Thank you for any advice.


----------



## larabell

I don't own a dog so I can't speak to the vet situation but there are certainly large dogs in Tokyo. One friend of mine owns a Golden Retriever and a neighbor whom I don't know owns a wiry-looking dog that one could easily mistake for a small pony. There are parks around but many of the smaller neighborhood parks don't allow dogs (which doesn't mean people don't bring them anyway but I'm assuming you'll want to stay on good terms with your neighbors). Get your husband's employer to spring for a car. There are plenty of large parks that don't ban dogs and there are also some that are designed specifically as dog runs. But you'll most likely need to drive to reach them because most of the parks in the city are relatively small and designed for kids.


----------



## TX2JA

Thank you larabell for your response. We definitely want to stay on good terms with the neighbors and the company won't pay for a car. I do know a coworker got a car but it was a major hassle getting the funds transferred into the country. Would your friend with the Golden be willing to "talk" with me about the vet, boarding questions?


----------



## Singapore Saint

I came up from Singapore with a Boxer, however I live near Yoyogi Park which has a very popular dog run and we also had no quarantine issues, he was allowed straight in.
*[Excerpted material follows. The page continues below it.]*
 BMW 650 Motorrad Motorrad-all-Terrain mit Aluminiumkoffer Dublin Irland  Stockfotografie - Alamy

Not sure if I can help you too much as I don't know Yokohama, but happy to try!


----------



## larabell

TX2JA said:


> Would your friend with the Golden be willing to "talk" with me about the vet, boarding questions?
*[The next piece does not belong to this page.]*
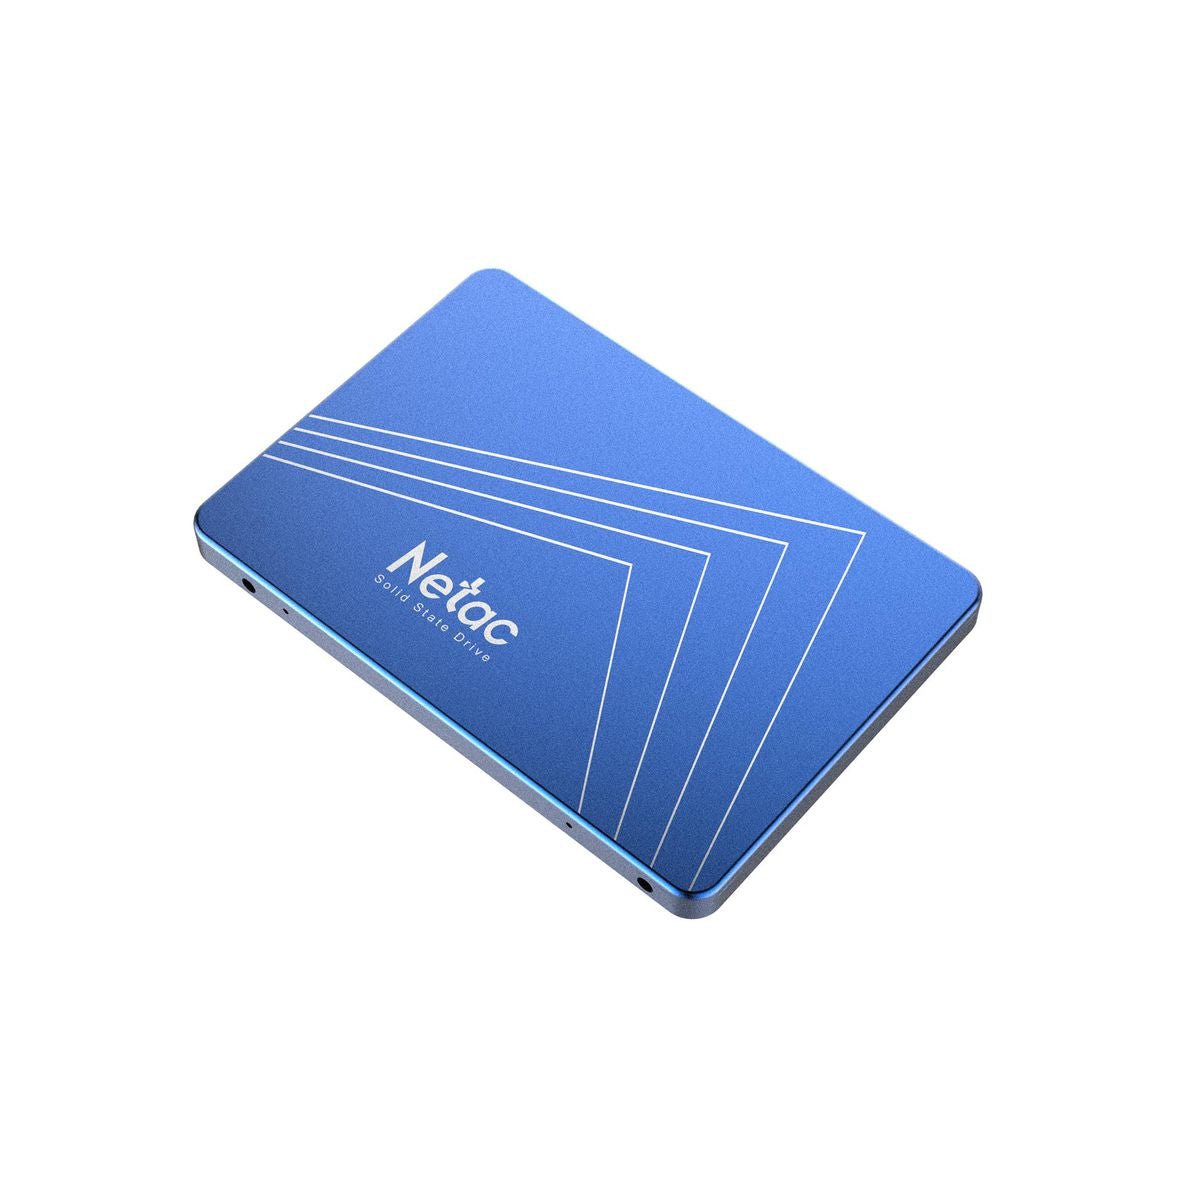 Netac N600S 2TB Internal 2.5

Maybe... if you can speak Japanese. 

Seriously, though... He lives up in Nakano-ku near me so I doubt he'd be a good source for information about resources in Yokohama. Have you tried a web search?


----------



## TX2JA

Singapore Saint said:


> I came up from Singapore with a Boxer, however I live near Yoyogi Park which has a very popular dog run and we also had no quarantine issues, he was allowed straight in.
> 
> Not sure if I can help you too much as I don't know Yokohama, but happy to try!


Thank you for taking the time to reply. I guess what I need to do is find out where the parks are and try to find housing close by. I'm assuming dogs aren't allowed on public transportation- is that correct? We were thinking we wouldn't get a car.


----------



## larabell

TX2JA said:


> I'm assuming dogs aren't allowed on public transportation- is that correct?


From the JR webpage:

"Small dogs, cats, pigeons and similar small animals may be brought on board for a fee as long as they are kept in a carrying case that is no more than 70 centimeters long and has a total length, width and height of no more than around 90 centimeters."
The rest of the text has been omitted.